┌─ DATA EXTRACTS
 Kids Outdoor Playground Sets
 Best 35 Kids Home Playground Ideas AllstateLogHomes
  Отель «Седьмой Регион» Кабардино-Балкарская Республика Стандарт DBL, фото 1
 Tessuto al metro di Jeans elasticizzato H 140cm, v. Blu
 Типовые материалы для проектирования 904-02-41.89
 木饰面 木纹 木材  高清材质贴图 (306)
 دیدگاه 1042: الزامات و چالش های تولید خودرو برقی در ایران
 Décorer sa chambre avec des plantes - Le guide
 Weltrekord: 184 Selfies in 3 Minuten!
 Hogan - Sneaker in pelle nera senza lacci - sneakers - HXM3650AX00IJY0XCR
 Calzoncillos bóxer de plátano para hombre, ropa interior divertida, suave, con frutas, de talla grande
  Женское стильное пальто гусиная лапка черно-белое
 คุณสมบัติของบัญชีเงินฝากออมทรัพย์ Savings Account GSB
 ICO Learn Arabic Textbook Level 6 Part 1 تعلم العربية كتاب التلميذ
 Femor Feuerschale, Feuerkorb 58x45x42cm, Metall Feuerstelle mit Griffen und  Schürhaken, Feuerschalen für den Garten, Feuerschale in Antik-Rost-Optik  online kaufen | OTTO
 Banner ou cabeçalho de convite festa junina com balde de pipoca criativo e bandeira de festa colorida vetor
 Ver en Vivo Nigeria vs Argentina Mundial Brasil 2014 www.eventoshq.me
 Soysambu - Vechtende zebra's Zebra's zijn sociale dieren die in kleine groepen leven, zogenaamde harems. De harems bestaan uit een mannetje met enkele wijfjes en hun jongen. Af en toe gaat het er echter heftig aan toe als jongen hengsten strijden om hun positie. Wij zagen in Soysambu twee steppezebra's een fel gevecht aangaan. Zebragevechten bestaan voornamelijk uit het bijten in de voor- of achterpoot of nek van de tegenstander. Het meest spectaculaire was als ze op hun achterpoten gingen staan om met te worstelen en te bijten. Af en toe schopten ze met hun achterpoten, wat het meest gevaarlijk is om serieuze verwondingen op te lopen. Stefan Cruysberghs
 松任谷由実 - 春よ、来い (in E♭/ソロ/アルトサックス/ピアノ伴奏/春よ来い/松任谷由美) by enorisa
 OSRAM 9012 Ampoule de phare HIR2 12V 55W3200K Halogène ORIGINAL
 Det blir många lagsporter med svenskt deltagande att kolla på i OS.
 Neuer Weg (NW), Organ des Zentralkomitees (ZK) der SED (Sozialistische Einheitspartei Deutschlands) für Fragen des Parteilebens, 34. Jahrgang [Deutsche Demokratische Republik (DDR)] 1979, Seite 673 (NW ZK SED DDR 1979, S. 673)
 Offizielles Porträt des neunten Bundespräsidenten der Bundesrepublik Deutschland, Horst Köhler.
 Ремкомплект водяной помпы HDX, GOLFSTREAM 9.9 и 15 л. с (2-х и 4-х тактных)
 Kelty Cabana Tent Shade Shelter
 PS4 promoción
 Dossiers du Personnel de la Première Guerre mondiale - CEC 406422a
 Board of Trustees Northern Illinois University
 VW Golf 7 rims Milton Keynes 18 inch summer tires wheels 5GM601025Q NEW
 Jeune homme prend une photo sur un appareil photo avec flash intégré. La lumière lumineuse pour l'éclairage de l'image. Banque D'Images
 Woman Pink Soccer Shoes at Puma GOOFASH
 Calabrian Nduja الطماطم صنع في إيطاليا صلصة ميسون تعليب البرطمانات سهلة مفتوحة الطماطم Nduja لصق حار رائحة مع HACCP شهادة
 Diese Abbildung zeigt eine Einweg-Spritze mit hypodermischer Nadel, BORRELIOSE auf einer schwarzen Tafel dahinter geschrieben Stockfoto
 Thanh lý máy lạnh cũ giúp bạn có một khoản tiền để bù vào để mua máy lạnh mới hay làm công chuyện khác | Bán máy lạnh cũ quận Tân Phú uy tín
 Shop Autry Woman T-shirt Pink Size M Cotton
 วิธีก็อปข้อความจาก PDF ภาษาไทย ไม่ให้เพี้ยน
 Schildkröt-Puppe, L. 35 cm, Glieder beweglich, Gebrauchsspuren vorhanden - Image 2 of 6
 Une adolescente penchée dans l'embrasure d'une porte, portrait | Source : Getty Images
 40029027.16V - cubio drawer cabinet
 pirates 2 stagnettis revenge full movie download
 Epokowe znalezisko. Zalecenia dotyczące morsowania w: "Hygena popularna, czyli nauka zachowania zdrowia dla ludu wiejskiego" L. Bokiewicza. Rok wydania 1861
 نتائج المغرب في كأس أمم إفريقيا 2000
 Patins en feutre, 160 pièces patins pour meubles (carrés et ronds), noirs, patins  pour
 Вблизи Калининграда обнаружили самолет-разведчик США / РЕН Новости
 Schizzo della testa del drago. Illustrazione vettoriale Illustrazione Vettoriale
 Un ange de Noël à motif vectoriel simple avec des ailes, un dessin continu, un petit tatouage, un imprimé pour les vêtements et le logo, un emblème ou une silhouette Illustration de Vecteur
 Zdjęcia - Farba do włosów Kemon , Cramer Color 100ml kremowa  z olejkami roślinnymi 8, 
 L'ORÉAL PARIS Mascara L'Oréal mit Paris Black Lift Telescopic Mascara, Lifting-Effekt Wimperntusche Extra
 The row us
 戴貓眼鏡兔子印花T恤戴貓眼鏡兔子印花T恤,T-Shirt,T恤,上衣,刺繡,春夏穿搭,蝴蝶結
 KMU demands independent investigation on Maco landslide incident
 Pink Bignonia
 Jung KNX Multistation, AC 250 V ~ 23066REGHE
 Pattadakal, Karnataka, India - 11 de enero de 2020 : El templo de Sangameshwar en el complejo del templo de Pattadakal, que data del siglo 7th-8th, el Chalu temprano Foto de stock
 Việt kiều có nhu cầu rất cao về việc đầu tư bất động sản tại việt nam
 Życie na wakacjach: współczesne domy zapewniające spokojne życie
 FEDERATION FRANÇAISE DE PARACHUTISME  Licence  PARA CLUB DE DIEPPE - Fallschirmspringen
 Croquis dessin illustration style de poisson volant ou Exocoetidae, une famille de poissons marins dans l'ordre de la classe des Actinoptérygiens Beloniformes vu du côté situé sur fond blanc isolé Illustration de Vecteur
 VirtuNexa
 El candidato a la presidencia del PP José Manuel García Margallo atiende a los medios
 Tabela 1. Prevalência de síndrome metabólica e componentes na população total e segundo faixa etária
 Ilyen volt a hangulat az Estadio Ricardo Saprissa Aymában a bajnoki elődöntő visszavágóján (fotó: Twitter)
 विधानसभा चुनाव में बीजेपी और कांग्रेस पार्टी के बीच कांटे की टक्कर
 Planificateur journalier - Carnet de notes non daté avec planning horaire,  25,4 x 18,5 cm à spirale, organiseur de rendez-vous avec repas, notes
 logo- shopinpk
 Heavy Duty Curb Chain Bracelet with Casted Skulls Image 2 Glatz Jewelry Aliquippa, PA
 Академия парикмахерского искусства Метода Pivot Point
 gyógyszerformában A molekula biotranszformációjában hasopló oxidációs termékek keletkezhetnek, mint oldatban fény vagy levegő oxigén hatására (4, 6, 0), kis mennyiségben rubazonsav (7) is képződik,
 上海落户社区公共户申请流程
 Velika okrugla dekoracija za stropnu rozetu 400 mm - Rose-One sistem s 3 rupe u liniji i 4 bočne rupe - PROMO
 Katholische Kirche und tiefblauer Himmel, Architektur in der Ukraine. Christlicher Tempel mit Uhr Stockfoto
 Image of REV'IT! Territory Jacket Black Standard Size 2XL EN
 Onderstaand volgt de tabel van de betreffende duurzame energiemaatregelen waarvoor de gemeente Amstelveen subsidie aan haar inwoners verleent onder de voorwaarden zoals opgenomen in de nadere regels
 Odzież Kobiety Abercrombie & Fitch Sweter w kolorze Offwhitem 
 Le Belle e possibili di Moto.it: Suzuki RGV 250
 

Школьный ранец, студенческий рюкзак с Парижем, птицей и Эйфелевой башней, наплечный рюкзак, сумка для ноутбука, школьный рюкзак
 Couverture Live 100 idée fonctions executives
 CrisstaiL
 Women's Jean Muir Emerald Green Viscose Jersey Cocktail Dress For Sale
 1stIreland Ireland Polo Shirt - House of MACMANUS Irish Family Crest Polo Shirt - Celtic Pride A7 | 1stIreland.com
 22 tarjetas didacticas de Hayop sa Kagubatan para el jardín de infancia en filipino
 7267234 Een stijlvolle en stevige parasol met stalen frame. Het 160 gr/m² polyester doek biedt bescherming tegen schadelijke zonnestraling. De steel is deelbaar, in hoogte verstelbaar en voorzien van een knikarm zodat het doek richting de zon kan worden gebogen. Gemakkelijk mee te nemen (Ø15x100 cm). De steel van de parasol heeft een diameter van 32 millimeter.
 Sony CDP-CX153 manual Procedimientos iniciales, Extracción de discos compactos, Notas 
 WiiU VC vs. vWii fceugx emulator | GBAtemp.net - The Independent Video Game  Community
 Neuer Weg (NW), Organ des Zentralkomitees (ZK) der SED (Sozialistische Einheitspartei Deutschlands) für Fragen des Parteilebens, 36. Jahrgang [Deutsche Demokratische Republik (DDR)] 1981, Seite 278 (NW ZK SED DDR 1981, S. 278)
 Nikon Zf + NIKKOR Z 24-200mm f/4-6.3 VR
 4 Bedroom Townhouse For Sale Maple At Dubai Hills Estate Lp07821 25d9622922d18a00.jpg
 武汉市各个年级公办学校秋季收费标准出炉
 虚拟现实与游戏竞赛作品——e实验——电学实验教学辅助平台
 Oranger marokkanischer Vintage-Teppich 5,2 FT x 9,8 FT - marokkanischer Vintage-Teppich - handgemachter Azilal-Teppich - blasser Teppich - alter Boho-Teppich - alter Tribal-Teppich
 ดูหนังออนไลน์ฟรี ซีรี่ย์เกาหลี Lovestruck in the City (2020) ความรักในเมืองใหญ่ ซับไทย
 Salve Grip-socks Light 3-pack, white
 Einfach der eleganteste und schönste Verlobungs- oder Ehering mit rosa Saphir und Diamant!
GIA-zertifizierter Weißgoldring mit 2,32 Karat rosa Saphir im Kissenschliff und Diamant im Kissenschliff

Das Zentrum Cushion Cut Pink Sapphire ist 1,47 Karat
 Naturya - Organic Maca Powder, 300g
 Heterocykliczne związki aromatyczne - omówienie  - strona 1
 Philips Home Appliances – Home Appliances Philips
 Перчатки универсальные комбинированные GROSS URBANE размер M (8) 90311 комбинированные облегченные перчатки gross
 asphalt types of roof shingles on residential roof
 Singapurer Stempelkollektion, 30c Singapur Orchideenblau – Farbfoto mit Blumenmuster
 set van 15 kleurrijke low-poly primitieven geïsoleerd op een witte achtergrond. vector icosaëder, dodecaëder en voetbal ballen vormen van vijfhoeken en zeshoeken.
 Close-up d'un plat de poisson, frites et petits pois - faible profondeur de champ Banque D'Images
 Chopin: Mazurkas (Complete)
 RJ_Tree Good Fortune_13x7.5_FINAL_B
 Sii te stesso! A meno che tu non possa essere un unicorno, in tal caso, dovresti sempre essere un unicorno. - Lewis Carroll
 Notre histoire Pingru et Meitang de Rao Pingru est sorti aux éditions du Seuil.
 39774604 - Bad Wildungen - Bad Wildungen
└─
## BRIEF:
From the data above, reproduce word for word the lines running from the line with "GIA-zertifizierter Weißgoldring mit" to the line with "asphalt types of", ends included.

## RESPONSE TO THIS EXERCISE:
GIA-zertifizierter Weißgoldring mit 2,32 Karat rosa Saphir im Kissenschliff und Diamant im Kissenschliff

Das Zentrum Cushion Cut Pink Sapphire ist 1,47 Karat
 Naturya - Organic Maca Powder, 300g
 Heterocykliczne związki aromatyczne - omówienie  - strona 1
 Philips Home Appliances – Home Appliances Philips
 Перчатки универсальные комбинированные GROSS URBANE размер M (8) 90311 комбинированные облегченные перчатки gross
 asphalt types of roof shingles on residential roof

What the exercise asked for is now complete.